Additional information

Funding

WJH is grateful for the financial support from the Fraunhofer Institute for Industrial Mathematics ITWM, www.itwm.fraunhofer.de.

Notes

1 See Heath et al. (1992) for the original paper introducing this framework for interest rate modelling.

2 Forward kernel is the name used by Caldana et al. (2017).

3 Modelling of the day-ahead spot price is a common approach, for which several different approaches have been developed, cf. Weron (2014).

4 This also allows for seasonal volatility in the market noise.
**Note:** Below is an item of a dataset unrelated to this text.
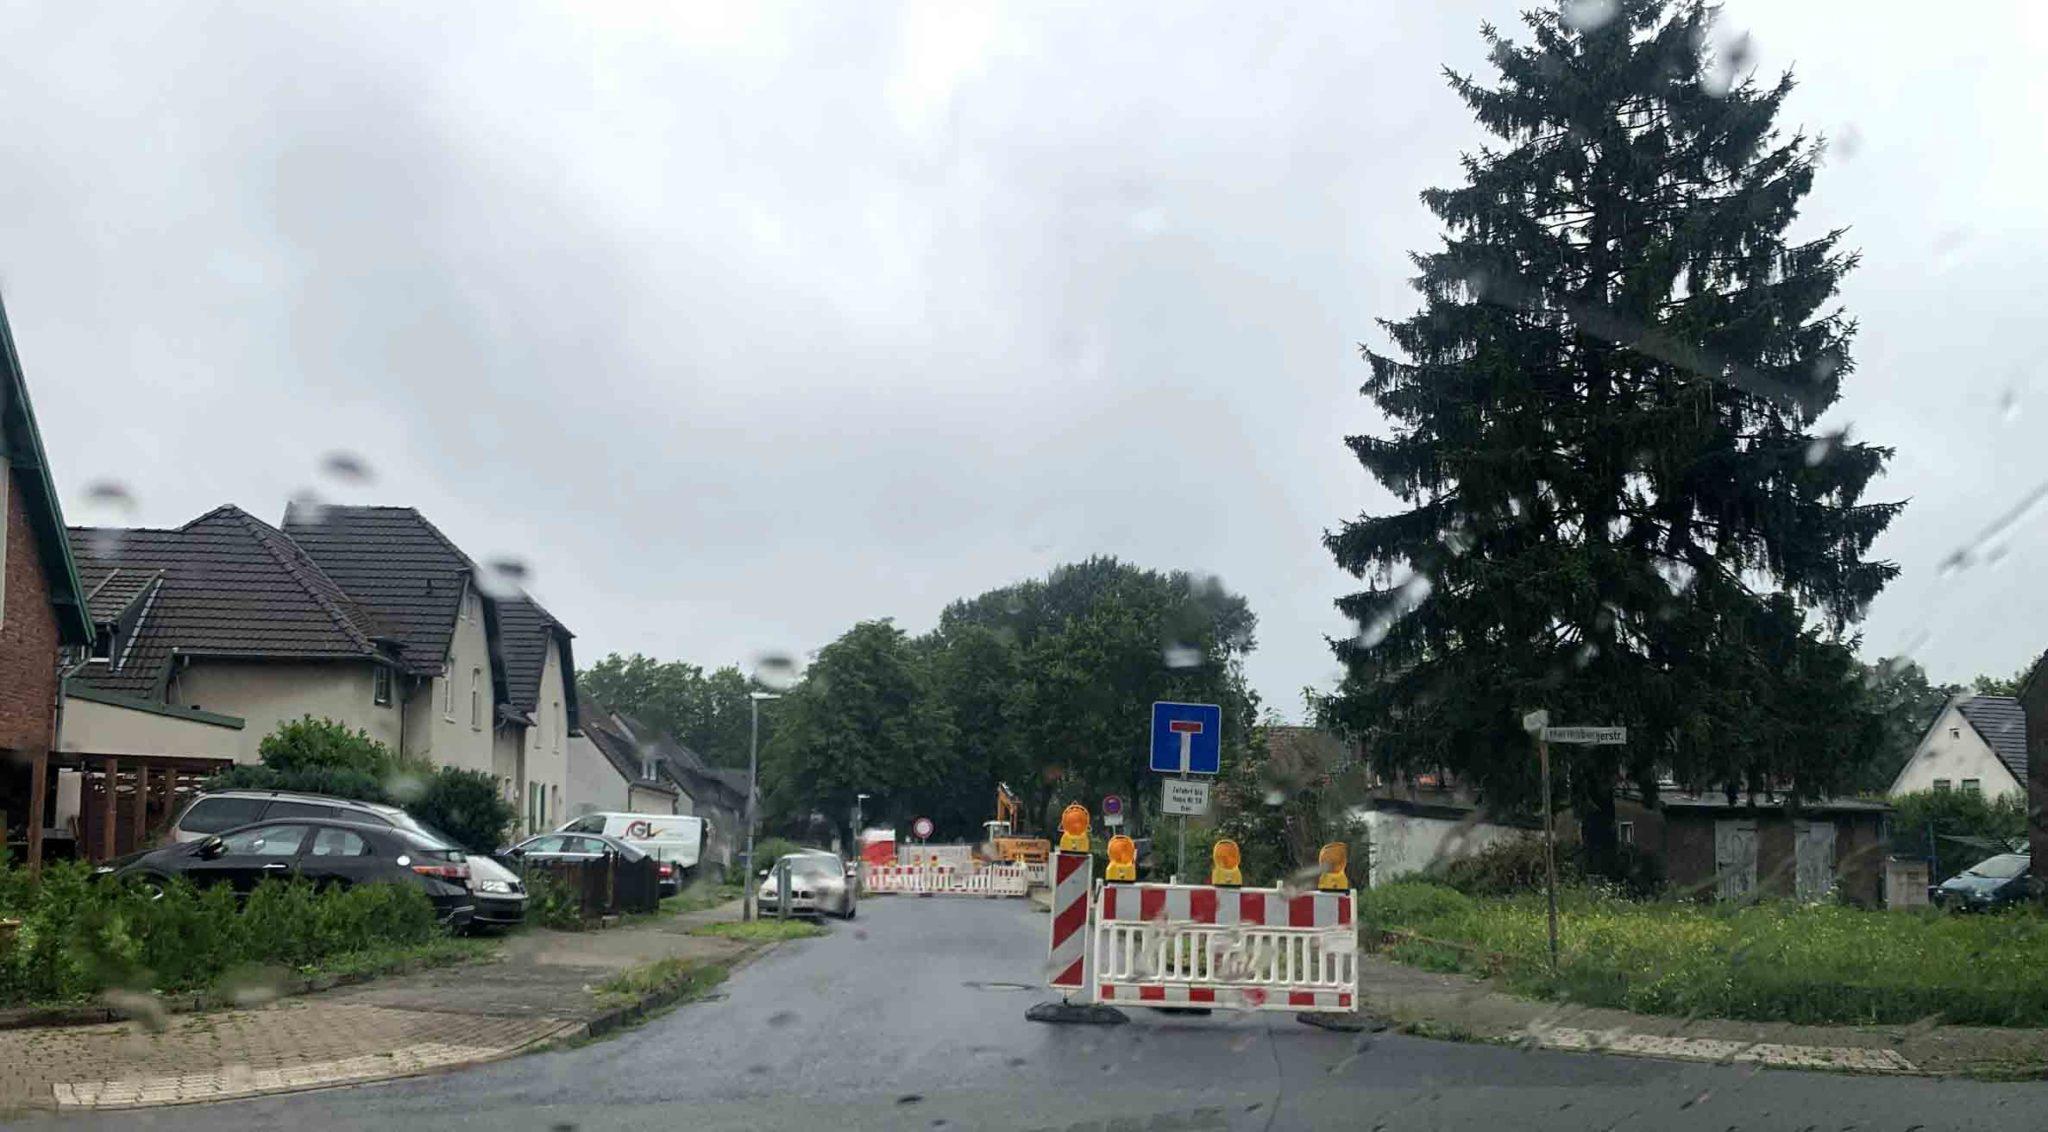 Enni erneuert Schmutzwasserkanal in Moers-Meerbeck

5 By cascading we mean the way how futures with a longer delivery period are settled. For example, a calendar year futures contract cascades (or splits up) into three monthly futures (January, February, and March) and three quarterly futures (Q2, Q3, and Q4) upon start of delivery. This way, these can be traded independently again. In the German market monthly futures do not cascade. However, the settlement price at the end of the delivery is exactly the average of the day-ahead spot prices during delivery. This could be interpreted that also monthly futures are cascading to the hourly (day-ahead) spot contracts, since their price converges to this average.

6 Continuous settlement of the futures contract makes it more like a swap contract on the forward kernel.